The body of Christ is our eternal family. Fellow believers are our brothers and sisters in Christ, members with Christ. It’s a gift of great magnitude when our human family overlaps with our believing family. The capacity for deep fellowship exists when family members are also brothers and sisters in Christ.
I am blessed with amazing aunts and uncles on both sides of my family. This group of ten people has always had my back, as did the next older generation. It was a blessing to grow up with these men and women surrounding me, close at hand and often visited. They cheered me on, encouraged me, and impressed upon me the long view of life.
Then tragedy struck.
The Flood of 1993 changed the landscape, moved us apart, and restructured our world. All its resulting financial implications, coupled with one family calamity after another, moved us far, far away and left us bankrupt.
No traveling. No resources. Family lost. Communication from only a distance. Visits came abruptly to an end.
If you aren’t aware of the extreme value of your family, you certainly are after you’re wrenched away from them. I’m still striving to understand God’s purposes for this breach.
These events transformed us. We were stripped of our legalistic hypocrisy, and we now have real growing faith. We rely more on one another, and my husband and I came to rely to Jesus more in our exile.
Maybe we had to be in the desert (literally) for that growth to occur.
We were tested, and, as everything fell apart, we were alone facing God, highlighting our yearning need for him and his fellowship. The Lord blessed all throughout the losses, keeping us aware of his presence and continually moving us forward.
God is good, he works all things together for our good, and he is far wiser than we. It is what it is, and it was and still is for our good.
When I recently returned to see part of my extended family after the death of an uncle, I had my mind entirely focused on uplifting my aunt and cousins in any way I could. That was my focus.
Therefore, the circumstances God orchestrated surprised me. He resurfaced wounds that needed the balm of my Christian family member’s words and actions. I hadn’t recognized any wounds needed more healing, but my own inner landscape is often a mystery to me.
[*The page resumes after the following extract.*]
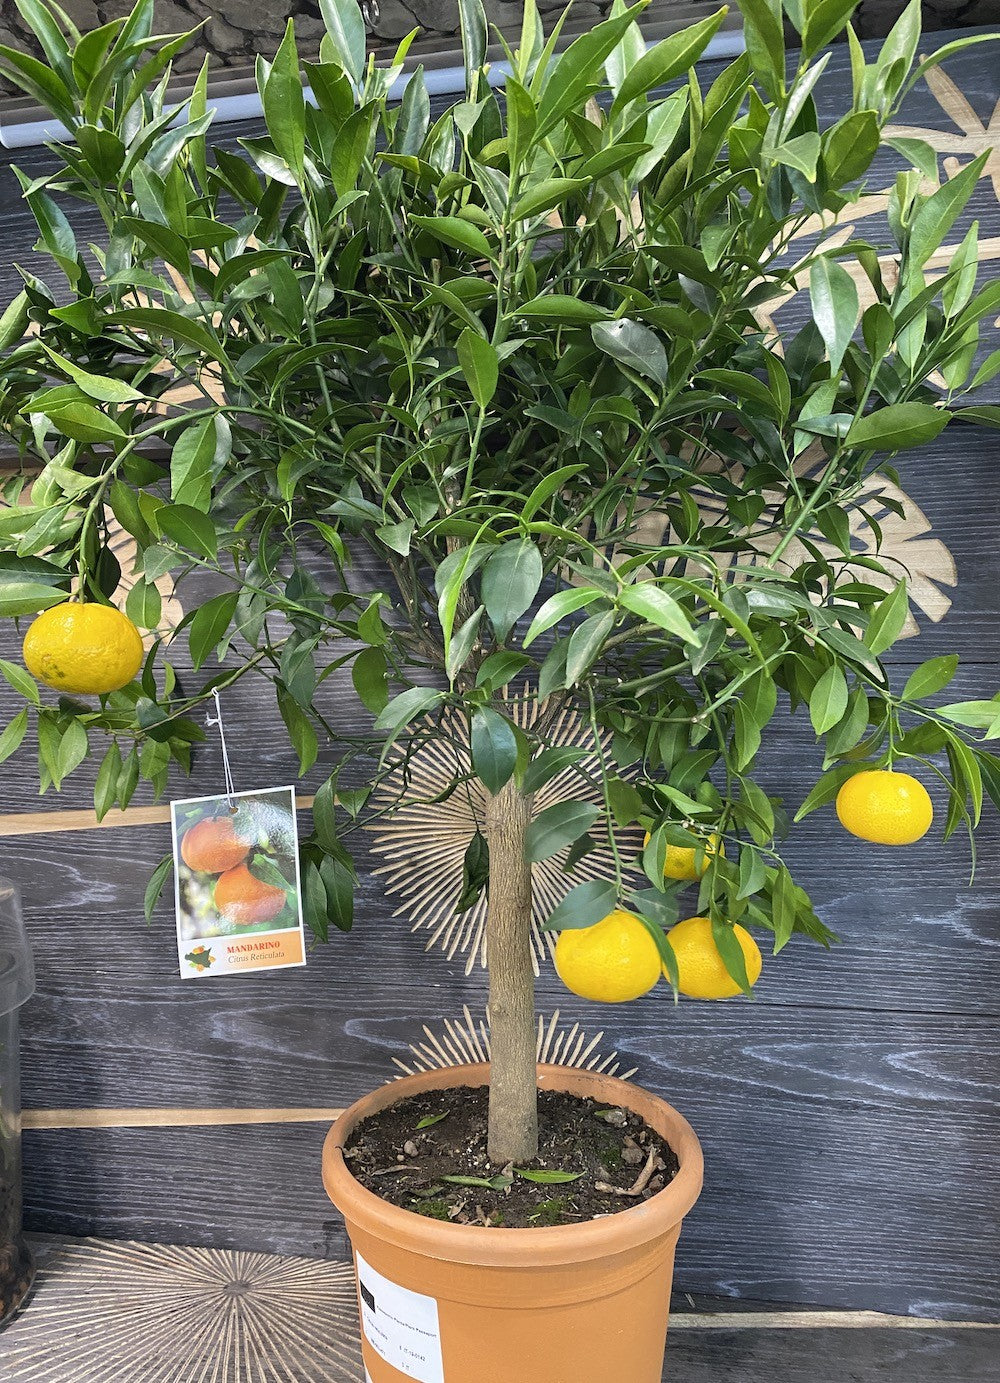 Citrus reticulata Blanco (mandarin)

Somehow, through questions asked and topics discussed, some of my deepest hurts and most painful memories were brought to light. I didn’t choose the topic, and I didn’t pose the questions. I certainly had no plan to discuss any of that, but all of a sudden there was laid bare something I didn’t realize still needed a dose of medicinal balm.
In small bits in several conversation, I spoke, they listened, and they said the soothing words I needed to hear. Bam! That was it. Then on to the business at hand of warm fellowship, comforting in death, and celebrating my uncle’s life.
The experience showed me the goodness of God.
He knew I needed those brief exchanges, those few words, that sympathy. I had gone not expecting anything of the sort to occur. I had gone to minister. But there they were, ministering to me. And I came away hopeful and aware of God’s love for me to orchestrate such conversations. God is kind.
These types of “coincidences” show God’s loving hand, even when we think we’re fine. He is the one who sanctifies, and he truly has our best in mind. He continues to work all things together for our good.
As Thanksgiving draws near, consider the blessings of family, of the household of believers, and of the small and kind orchestrations God prepares that explode into our lives by his sovereign hand.